Mini Book Reviews: December 2020

I’ve been a bit short on time lately and have read so many great books. So, rather than review them individually, I thought I’d do something different and summarise my December reads in one post!

Here they are, in no particular order.

Actress by Anne Enwright 

Publisher: Vintage (2019)

“Katherine O’Dell is an Irish theater legend. As her daughter Norah retraces her mother’s celebrated career and bohemian life, she delves into long-kept secrets, both her mother’s and her own.” 

I knew I wanted to read this one after I heard Anne Enwright in conversation with Gail Jones for the Melbourne Writers Festival 2020. This was a close examination of the relationship between the narrator, Norah, and her mother, the famous (fictional) actress Katherine O’Dell.

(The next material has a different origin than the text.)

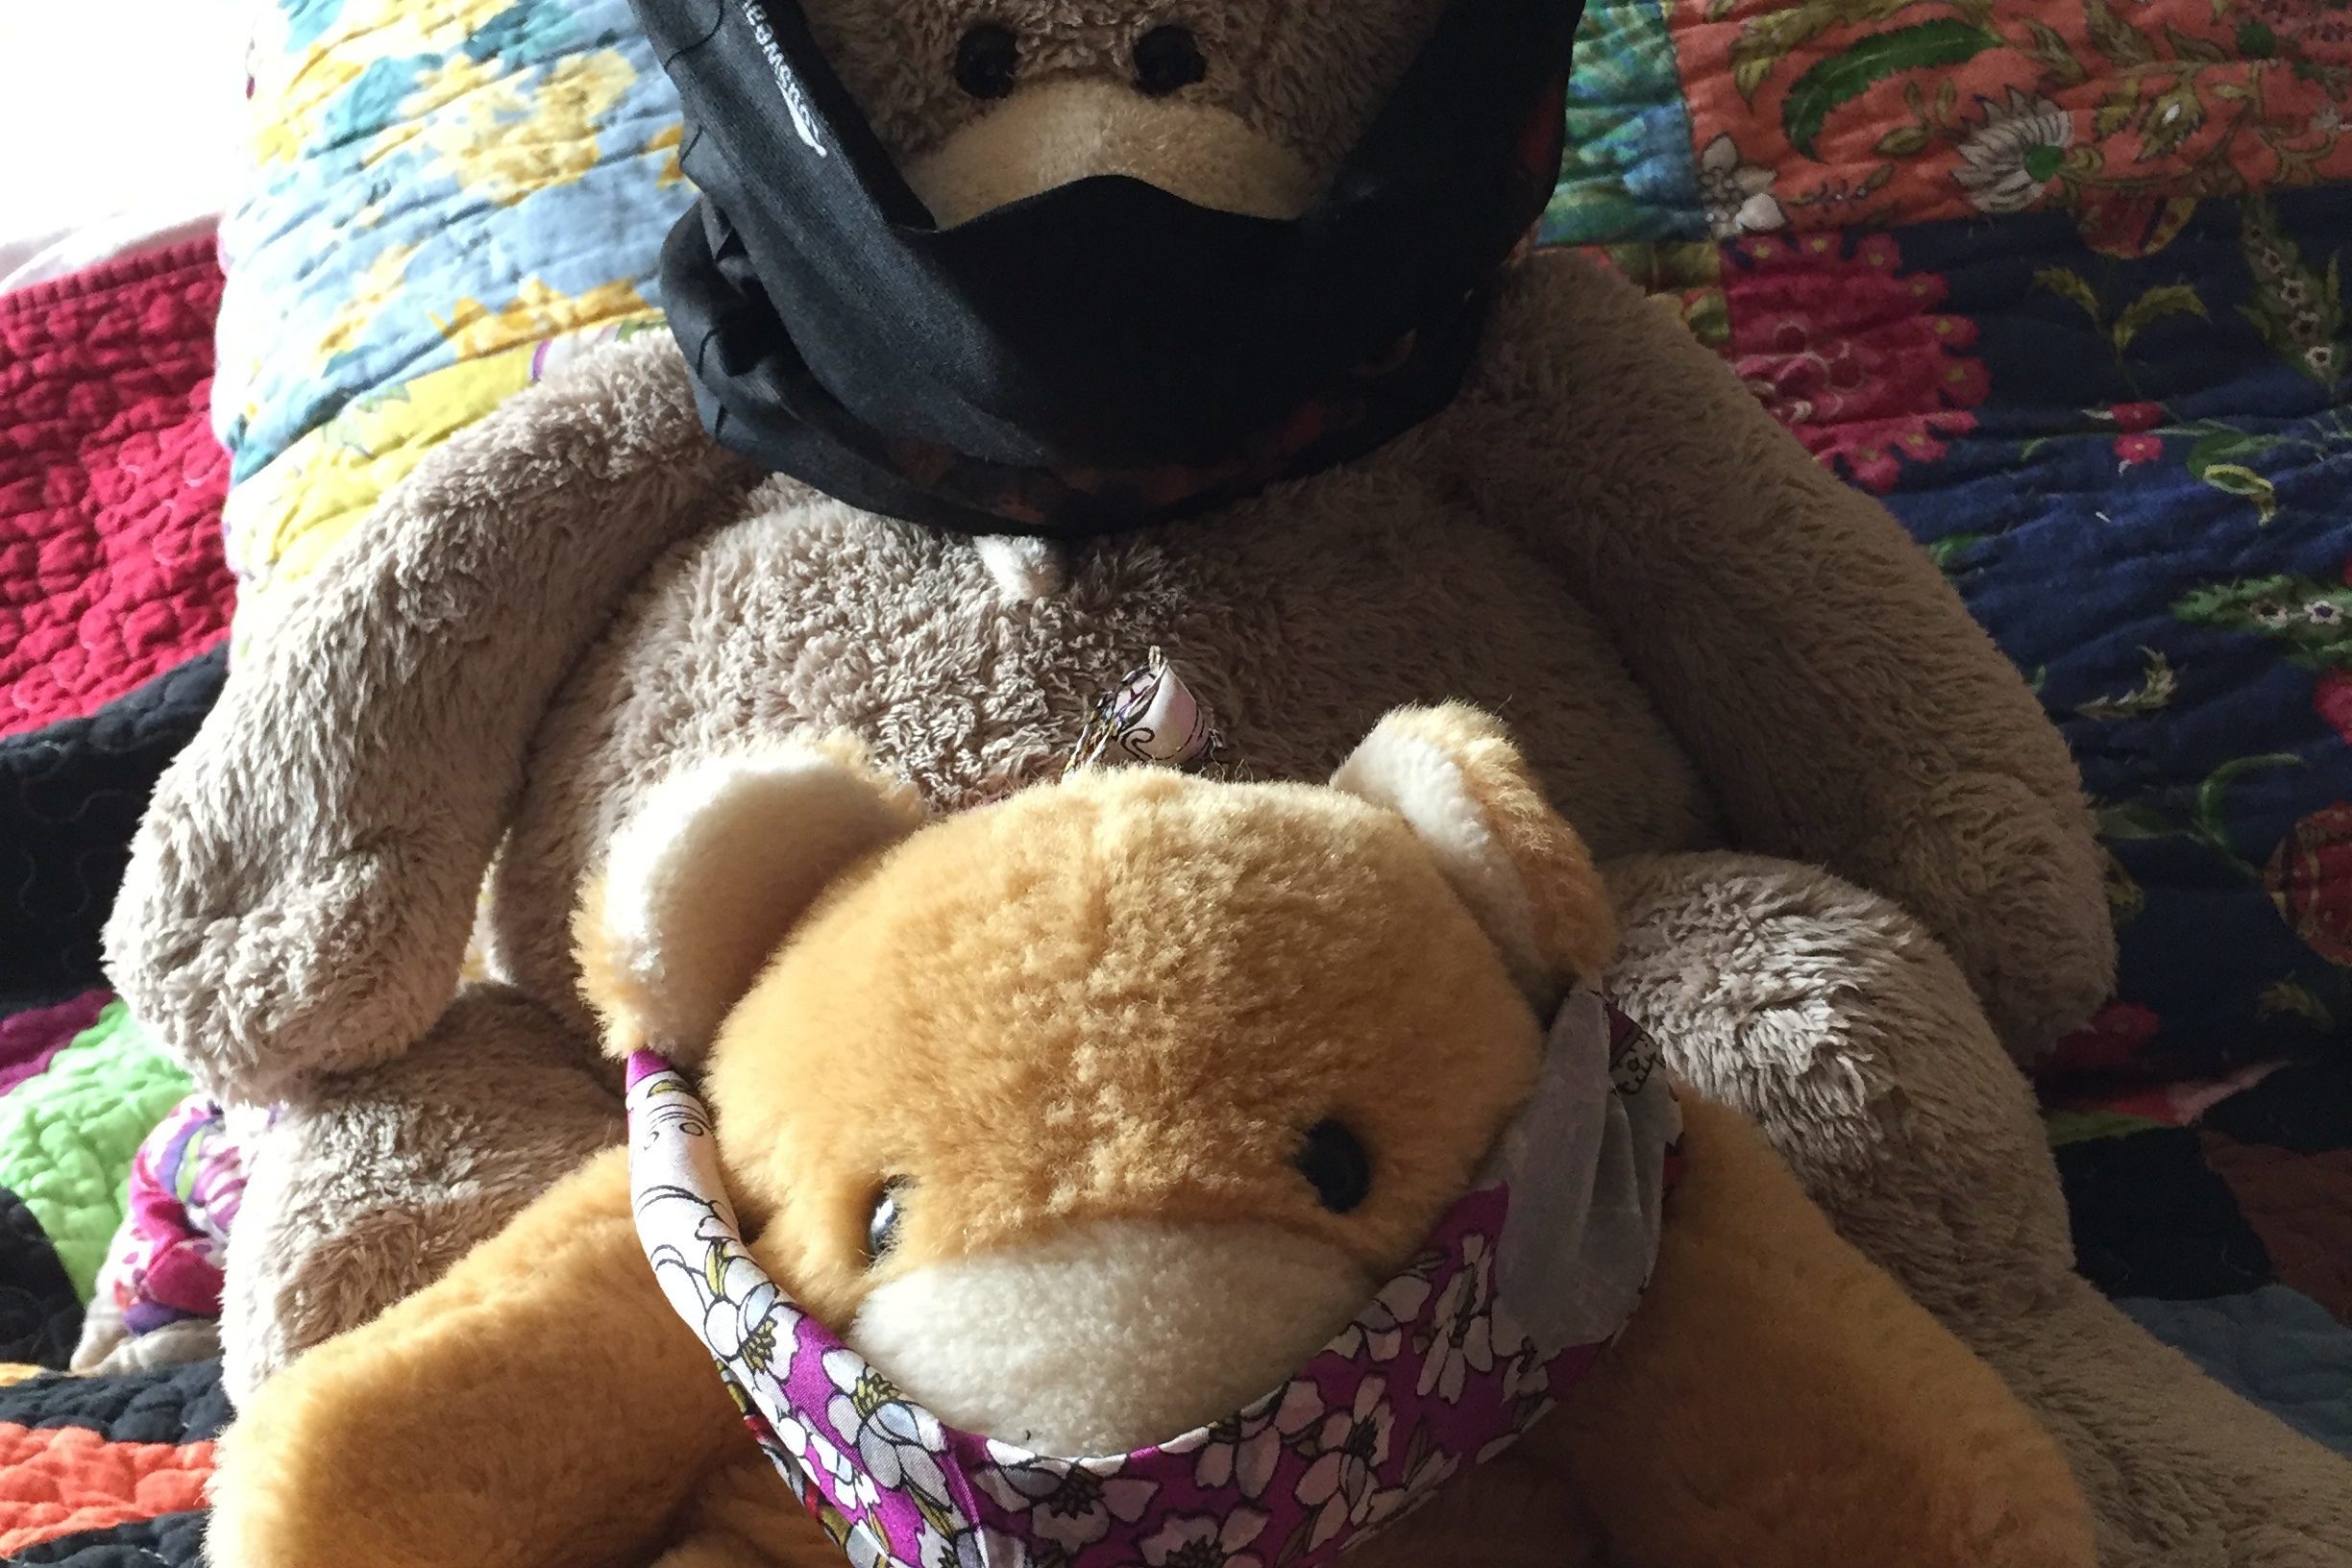 Two bears wearing face coverings

My interest was piqued at the revelation that Katherine suffered from mental illness in her later years, although there were some signs of it in Norah’s childhood. Superbly written, it left me wanting to know more about Norah beyond her relationship with her mother. That skillful art of drawing you into a character’s world is the mark of a great book, I think, and Actress was certainly great. 

The Trespassers by Meg Mundell 

Publisher: UQP (2020)

Fleeing their pandemic-stricken homelands, a shipload of migrant workers departs the UK, dreaming of a fresh start in prosperous Australia…But when a crew member is found murdered and passengers start falling gravely ill, the Steadfast is plunged into chaos…

What a brilliant novel! As much as I enjoyed it – there were sooo many beautiful turns of phrase – I probably shouldn’t have read a novel about a pandemic while we’re in the middle of one, for my mental health. Told from three different points of view, each of the narrators had a distinct voice and engaging storyline. I was especially glad that one of the narrators – Cleary – was d/Deaf, and that Meg Mundell consulted with d/Deaf writer Jessica White to ensure Cleary’s world was portrayed with accuracy and sensitivity.  Perfect for fans of literary fiction!

No Place Like Here by Christina June 

Publisher: Harper Collins Focus (2019)

[w]hen Ashlyn’s father is arrested for tax evasion and her mother enters a rehab facility for “exhaustion,” a.k.a. depression, her life is turned upside down…  Ashlyn’s father sends her to work with a cousin she doesn’t even know at a rustic team-building retreat center in the middle of nowhere.”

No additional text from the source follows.